Con l’arrivo del settantesimo anniversario della disfatta italiana, il paese ha l’obbligo di affrontare questi fantasmi e non solo per onestà storica. Nel paese la democrazia non è ancora forte, soffre di difetti causati da clausole inserite nella nuova costituzione repubblicana per evitare il ritorno della dittatura. Ma vediamo dalla stato della politica attuale che sono proprio queste clausole la causa delle debolezze della democrazia italiana.
La soluzione ai problemi dell’Italia non è nel ritorno al passato impossibile. La soluzione si trova nella democrazia stessa e risolvere quelle clausole che bloccano la creazione di un sistema di governo efficace. La soluzione ai questi problemi non si trova nella forma di un uomo forte, come speravano i seguaci di Berlusconi prima e anche una parte dei seguaci di Renzi ora.

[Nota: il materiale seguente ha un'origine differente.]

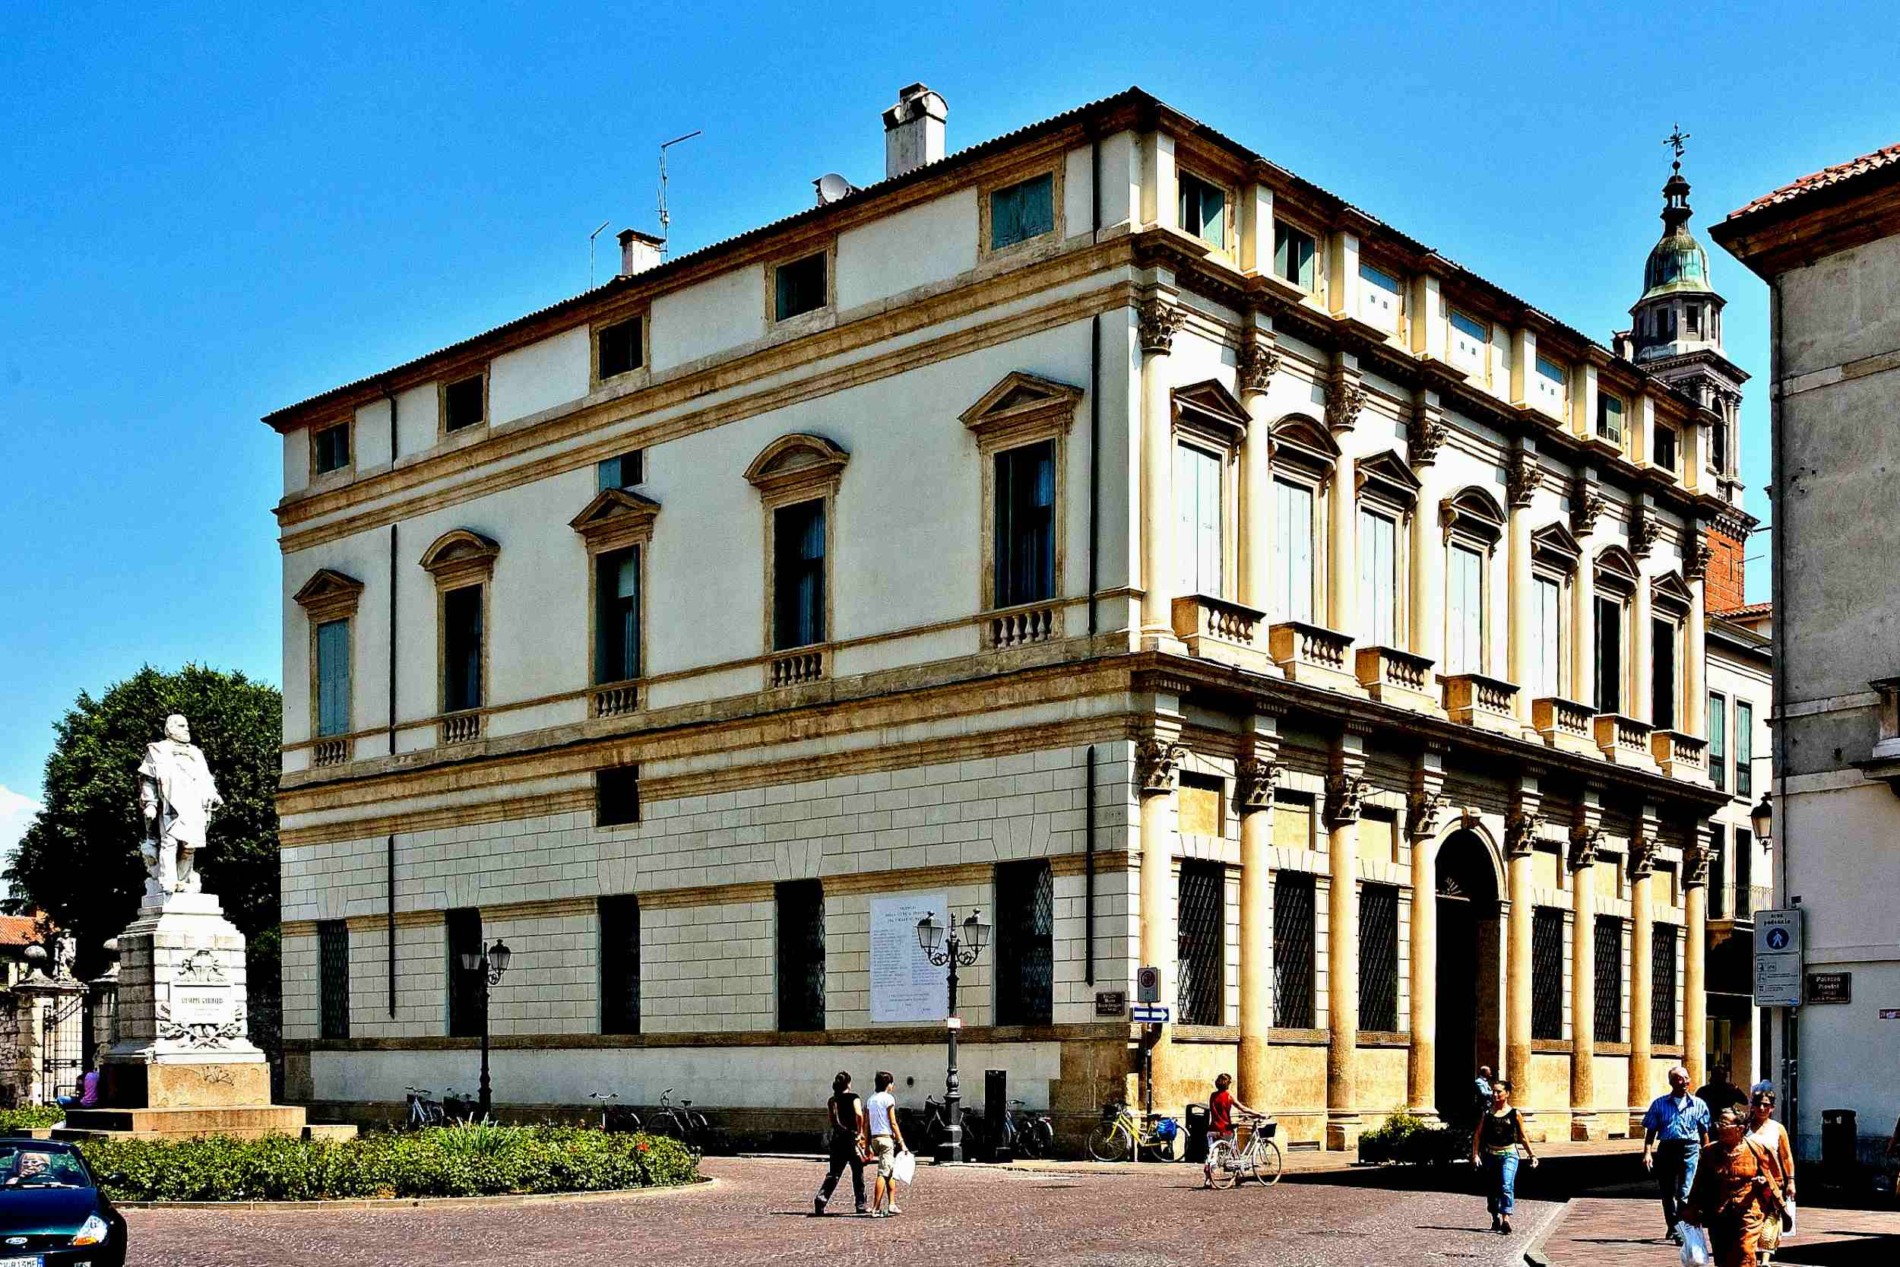 Palazzo Thiene Bonin Longare: Vicenza and Palladian Villas of the Veneto

La soluzione si trova in un parlamento forte ed efficace e si trova in un sistema elettorale capace di far quel che nessuna elezione italiana è riuscita a fare dalla guerra, formare un governo capace di decidere leggi senza bisogno di compromessi nocivi al paese. La soluzione vera è di dare al paese un governo davvero democratico. Possiamo solo augurare che succeda al più presto.
Abito a pochi chilometri da Bagnacavallo dove nacque Leo Longanesi. Fu fascista di prima fila e fece parte della Marcia su Roma. Fu lui a scrivere il Decalogo Fascista che finiva con la frase celebre "Il Duce ha sempre ragione". Malgrado questo appoggio apparentemente incondizionato Longanesi si rese conto che la strada presa dal suo capo era sbagliata e faceva male al paese.
Nel 1944, dopo avere visto il destino crudele del suo paese e prima ancora di sapere la fine del suo ormai ex capo disse le parole che solo l’esperienza poteva insegnare e che tanti oggi hanno scordato, "Soltanto sotto la dittatura riesco a credere nella Democrazia".